Planning is key but you can also respond

Recently I was helping a friend out when they were being targeted by a criminal online. I thought I’d put some notes down to try and help people. This isn’t a “how to” it’s more like thoughts and ideas. It’s UK centric, but probably works in lots of places.

One thing to note, preparation is greater than response, the more prepared you are, the less vulnerable you may be, the more prepared the smaller the attack surface.

You may for a variety of reasons become under heightened threat from an internet perspective. The information on here is not a catch all, a detailed guide to personal (PERSEC) and operational security (OPSEC).

• PERSEC is about your personal security and data
• OPSEC is about day-to-day operational security of activities

This post is to help give food for thought for people to help improve their attack surface largely relating to PERSEC.

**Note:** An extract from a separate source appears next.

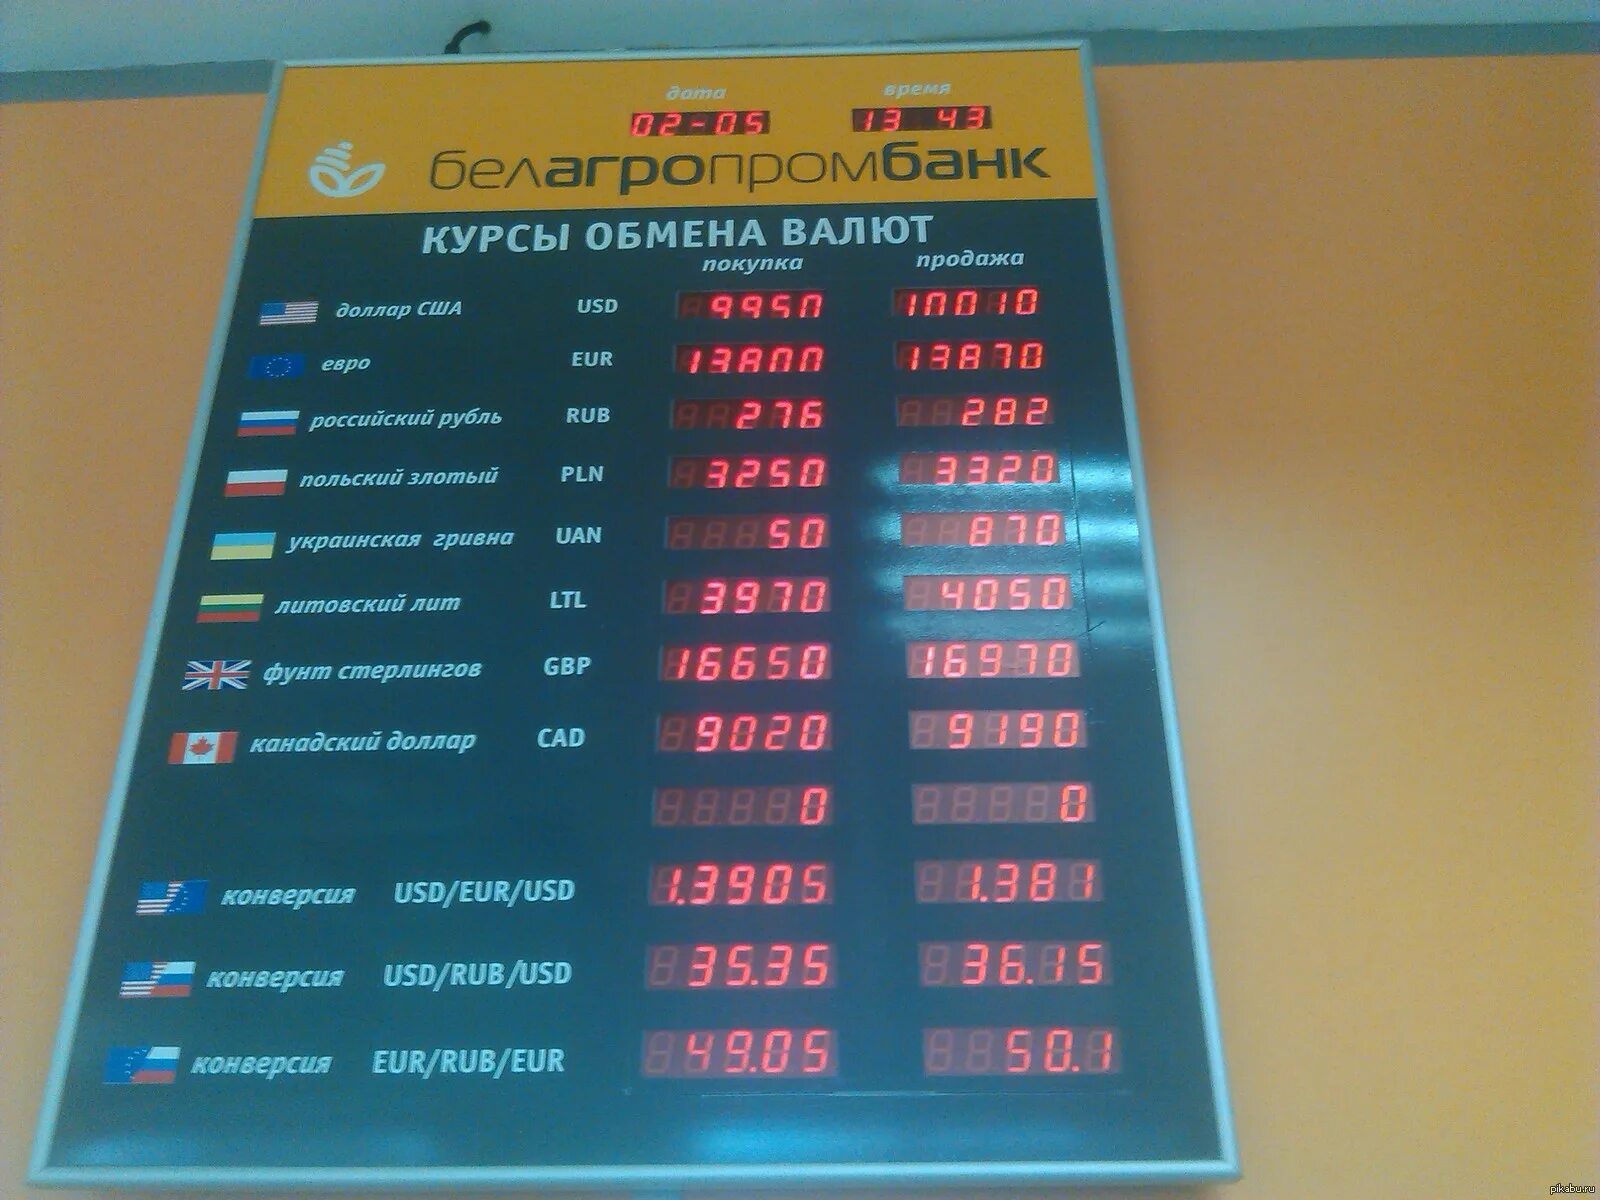 Обмен валюты покупка. Курсы валют. Курсы валют в Беларуси. Курсы валют в Белоруссии. Курсы валют на сегодня.

Cyber Realities when under active threat

• Opsec (operational security) is hard
• Persec (personal security) is hard
• You can’t time travel
• People leak lots of data on the internet
• You can be proactive regardless of the lifecycle
• Doing something is better than doing nothing
• You can only defend what you know about
• Cyber defence is not impossible
• Keep a record of everything
• Remember someone can’t hack a system that is air gapped and not online!
• You may be attacked via proxies (family, friends, work, associates)

Threat Landscape

The typically type of threats online can vary from classic financially motivated cybercrime through to disgruntled ex-partner or other known/unknown private individuals. Scammers, criminals etc. have time and reach. You might have had contact with the person, or you may just be caught up in a wide net.

Defensive Actions to take

• If you own a company, check if you have any personal information on company’s house (UK) (or relevant to your country) – https://www.gov.uk/stop-companies-house-from-publishing-your-address
• Deploy a password manager, there are lots of choose from, the major choice concern is Cloud based vs Offline
• Install MFA applications (e.g. Microsoft or Google authenticator)
• Talk to your mobile/cell provider to see if you can have additional protections set on your account against SIM swapping
• Check if voicemail is enabled on your phone, if it is ensured there is a unique PIN
• Enable multi factor authentication on your online accounts e.g.
  • Email (Outlook/Hotmail/Gmail/AOL)
  • Facebook
  • LinkedIn
  • Instagram
  • Twitter
  • TikTok
• Conduct OSINT on yourself
  • As a first step search/google your name
  • Search/google your mobile number
• Review Information on platforms you use and have used historically
• Review the data in services and where appropriate obfuscate or deploy deception measures
• Set strong passwords/passphrases for online services
  • Ensure each service has a unique password
• Consider email multiple email accounts
• Consider using email aliases (e.g., [email protected])
• Consider removing historic social media posts that give away details such as:
  • Address
  • Location of residence
  • Sensitive Personal information
• If you are under threat, it may be wise to contact local law enforcement
• If you are under threat, it may be wise to advise your place of work
• Consider changing mobile phone number (whilst keeping hold of the existing number) for primary contact information
• Consider deploying a pay as you go SIM

Summary

As our lives are so intertwined with the digital world, the more we face novel attacks and have risks to consider which are quite different from the physical world. The reach of the internet is global, it’s wise to get ahead of the game. It’s not easy, but you can do work to prepare but also respond if you are wanting to defend or respond against online harms.